Symmetric and Quasi-Symmetric Functions associated to Polymatroids

TL;DR

This paper introduces symmetric and quasi-symmetric functions associated with subspace arrangements and polymatroids, encoding algebraic invariants and generalizing the Tutte polynomial and matroid invariants.

Contribution

It defines new symmetric and quasi-symmetric functions for polymatroids that unify and extend existing invariants like the Tutte polynomial and matroid base polytope functions.

Findings

G[X] specializes to P[X], H[X], T[X], and F[X]

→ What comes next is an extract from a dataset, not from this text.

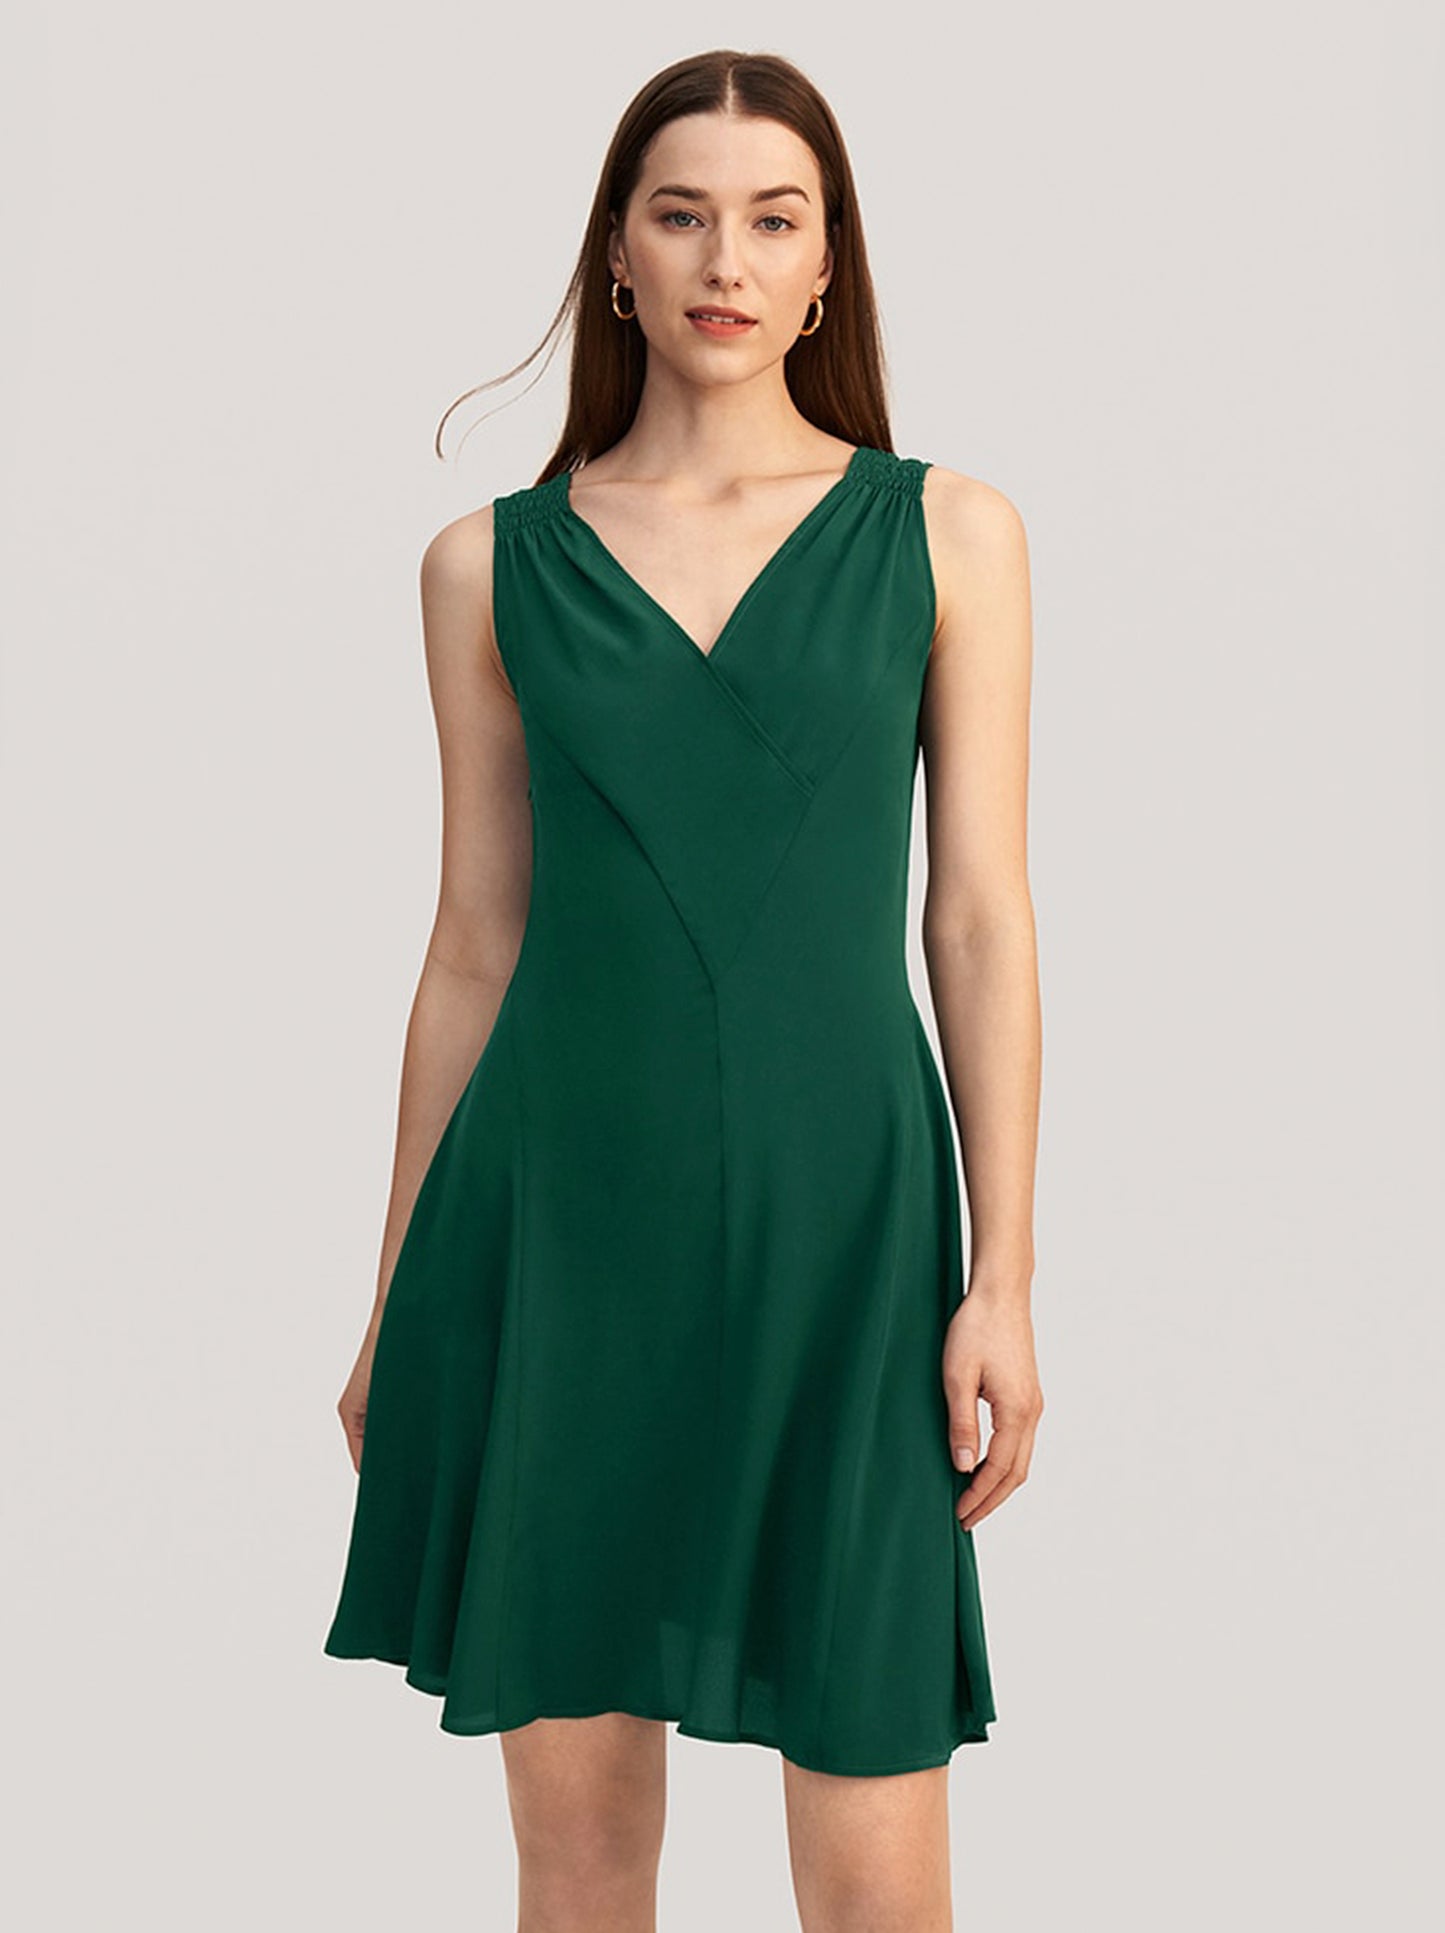 Summer dreams : LILYSILK Lily Dress (100% Silk)
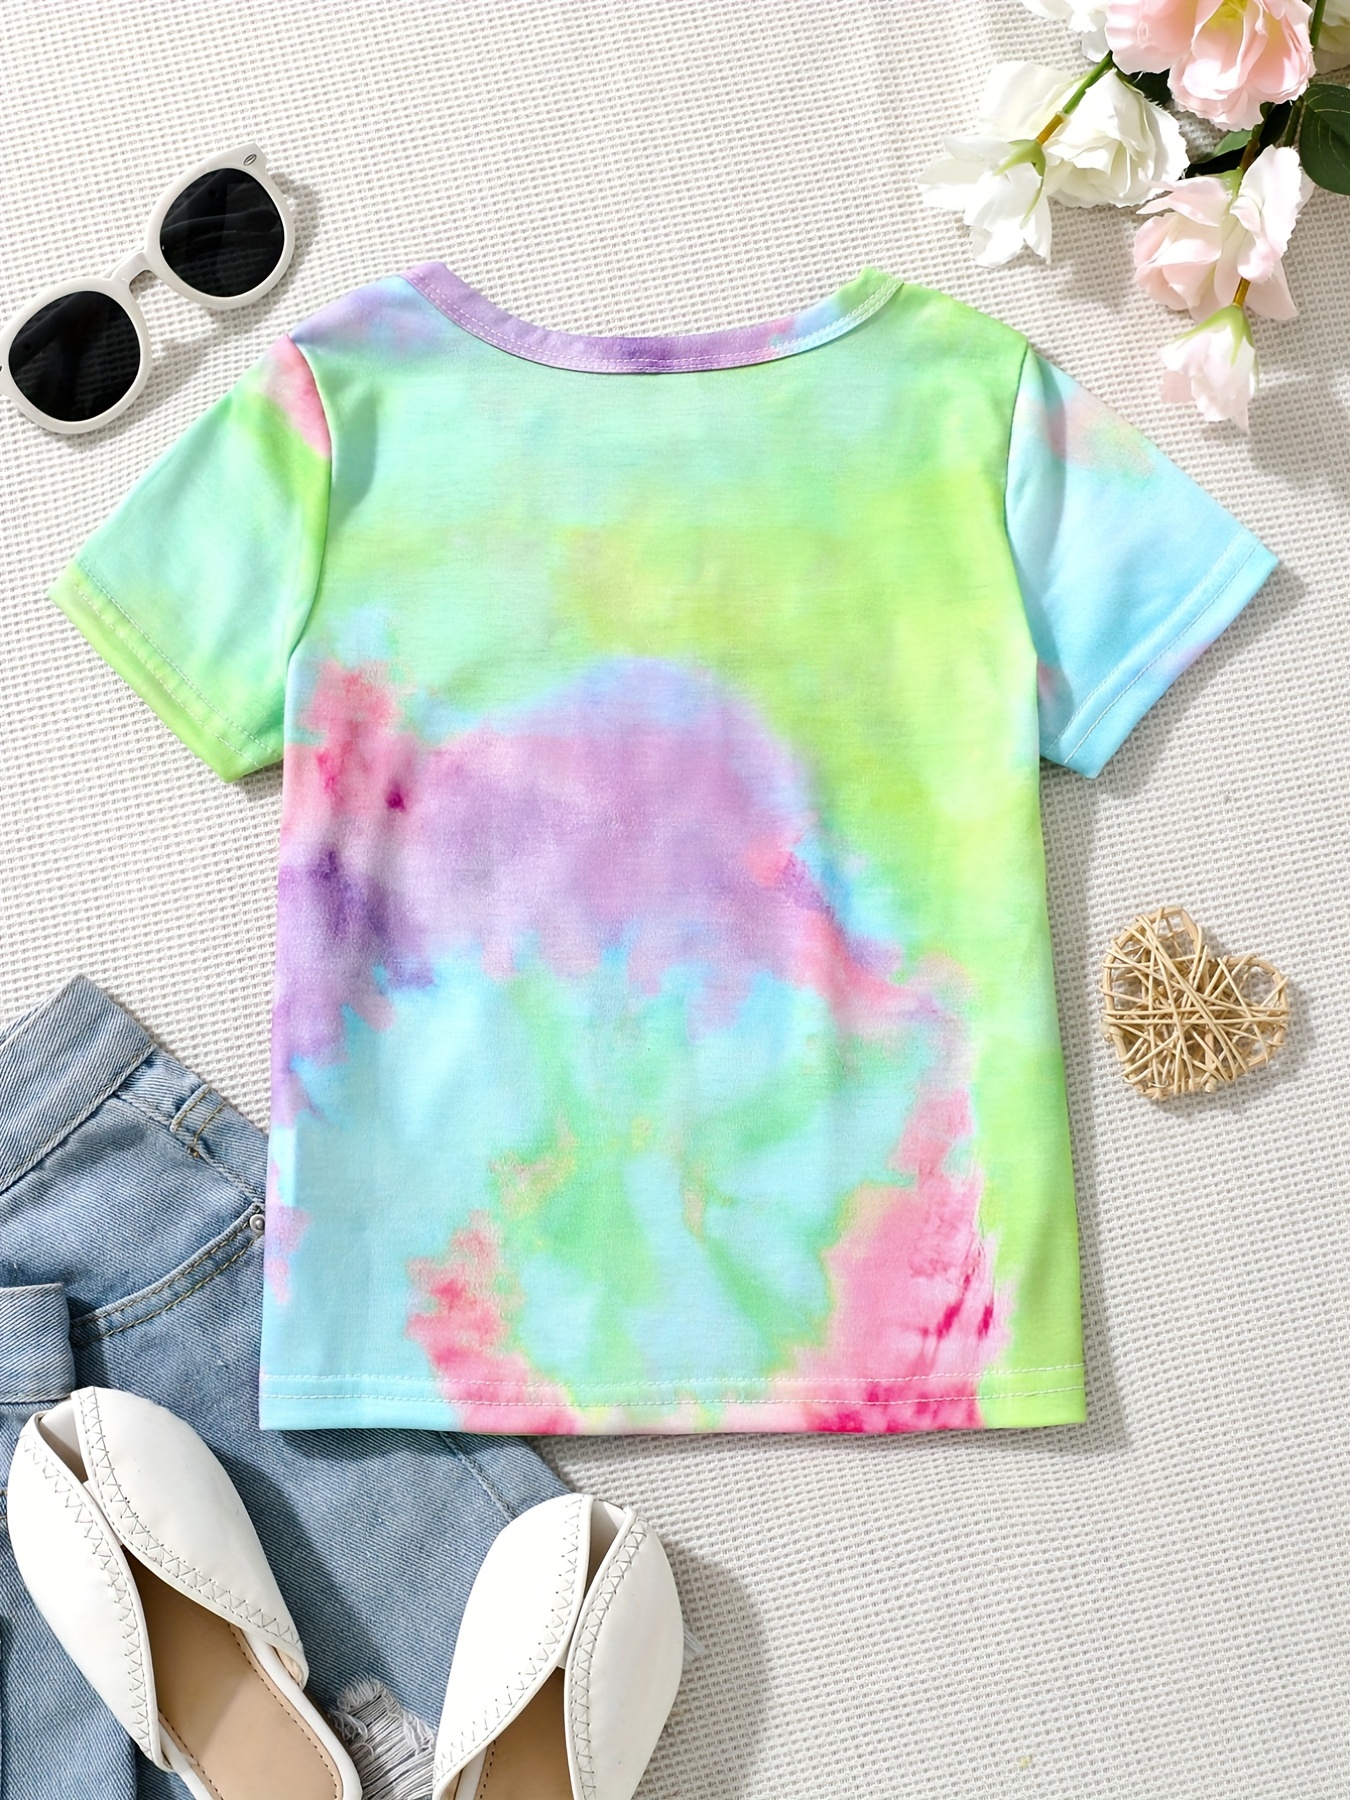 VerPetridure Clearance Toddler Baby Girl Summer Tie-dye T-Shirt

G[X] is quasi-symmetric and valuative for polymatroid decompositions

H[X] encodes Hilbert series and projective resolutions

Abstract

To every subspace arrangement X we will associate symmetric functions P[X] and H[X]. These symmetric functions encode the Hilbert series and the minimal projective resolution of the product ideal associated to the subspace arrangement. They can be defined for discrete polymatroids as well. The invariant H[X] specializes to the Tutte polynomial T[X]. Billera, Jia and Reiner recently introduced a quasi-symmetric function F[X] (for matroids) which behaves valuatively with respect to matroid base polytope decompositions. We will define a quasi-symmetric function G[X] for polymatroids which has this property as well. Moreover, G[X] specializes to P[X], H[X], T[X] and F[X].